「チョコ、カステラ、幸せブトリです」和歌山カレー事件・林真須美死刑囚の手紙から見る“拘置所ライフ”

AbemaTIMES

2018/9/15 14:00


(▲林真須美死刑囚から送られてきた手紙の一部)

1998年7月に和歌山県の夏祭りで提供されたカレーに毒物が混入された「和歌山毒物カレー事件」。同年10月、カレー作りの当番だった林真須美とその夫が逮捕された。過去にヒ素を使って保険金目当てで殺人未遂を起こしていた2人だが、和歌山毒物カレー事件においては、動機・自白・物証がない。そんな中、2009年4月21日に最高裁で林真須美の死刑が確定。冤罪の可能性を残したまま、林真須美は死刑囚となった。

SHELLYがMCを務める 『Wの悲喜劇~日本一過激なオンナのニュース~』(AbemaTV/アベマTV※毎週土曜23時から放送中) では「塀の中みてきました」をテーマに、過去罪を犯した経験を持つ女性たちが赤裸々に語った。


(歴史社会学者の田中ひかるさん)

『「毒婦」和歌山カレー事件20年目の真実』の著者で、女性の犯罪を研究する歴史社会学者の田中ひかるさんは、拘置所にいる林真須美死刑囚と文通をしている。田中さんは、林真須美死刑囚から送られてきた手紙の一部を紹介。

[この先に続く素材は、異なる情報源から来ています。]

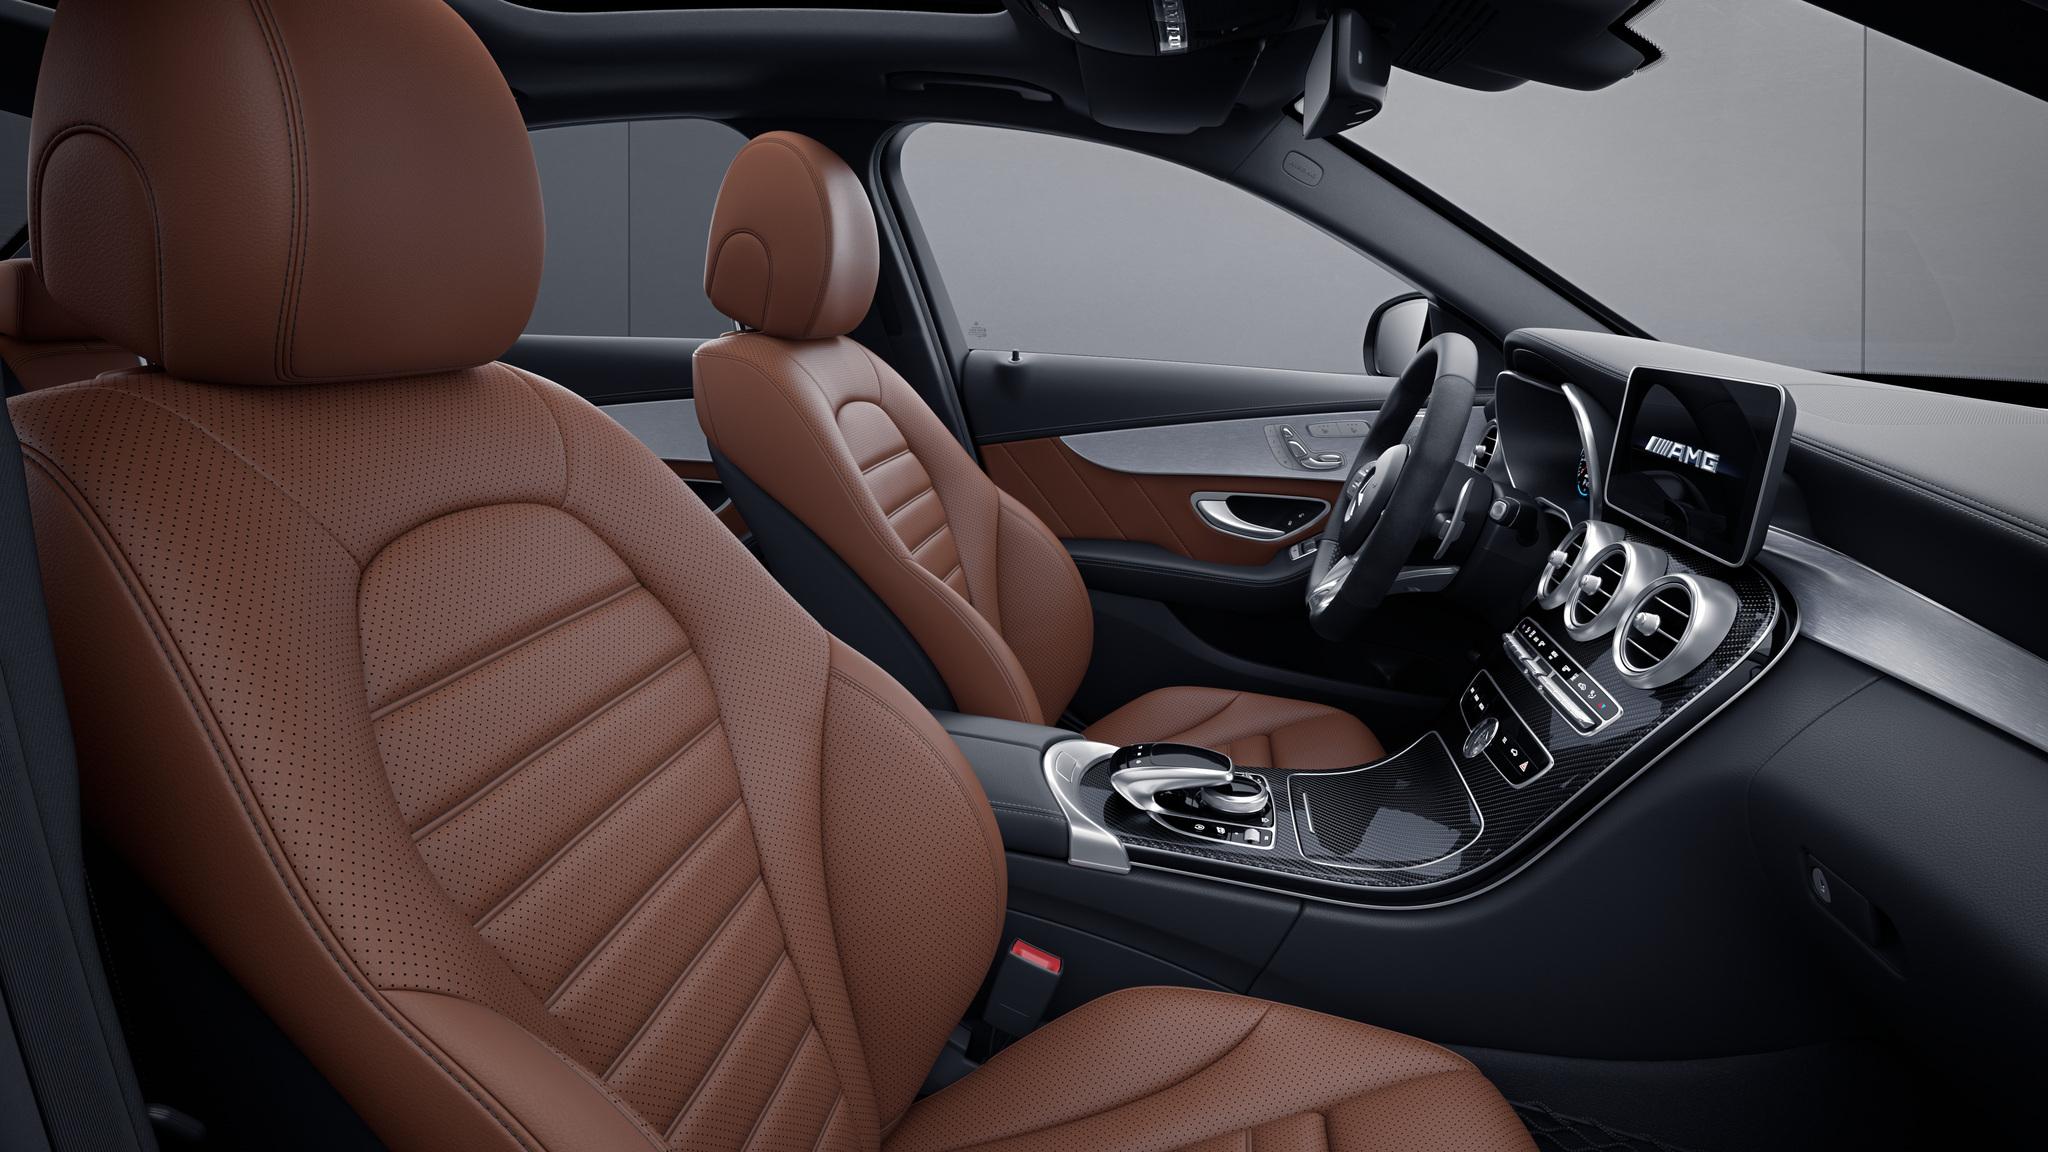 Habitacle de la Mercedes Classe C Berline avec une Sellerie Cuir - marron cuir  noir

「そうそうUCCコーヒーとブレンドコーヒーだけだったのが、UCC上島コーヒー神戸のと、炭焼コーヒーと、モカブレンドとキリマンジャロブレンドとエスプレッソとコロンビアブレンドと種類が増えておいしい。10時と14時のホットタイムです。チョコレートとかお菓子、カステラ等もいっしょに間食して幸せブトリです」

手紙の中では、拘置所でドリンクのメニューが増えた喜びを語っている林真須美死刑囚。田中さんは「毎日克明に食べたおやつの種類が書かれている」と、林真須美死刑囚とのやりとりを語る。田中さんによると、拘置所では現金の差し入れが許可されているため、塀の外から差し入れしてもらえる金額によって、“拘置所ライフ”に差が出てくるという。

日本の刑事施設 「刑務所」と「拘置所」の違い
 「刑務所」と「拘置所」の違いにはどんなものがあるのだろうか。「刑務所」は主に受刑者を収容し処遇を行う施設だが、「拘置所」では主に刑が確定していない“未決”と呼ばれる人が収容されている。死刑囚も刑の執行までは拘置所で収容される。また、拘置所にも受刑者が収容され、刑務所に未決拘禁者がいる場合も多い。

(4回収容された経験がある税所純子さん)

女子少年院・刑務所に合計4回収容された経験がある税所純子さんは「(服役中は)甘い物がすごく食べたかった」と刑務所生活を振り返る。拘置所と違い刑務所では、1カ月に1度の集会でしか甘い物を食べられなかったという。祝日には「あましゃり」といい、甘いお菓子が出されることもあった。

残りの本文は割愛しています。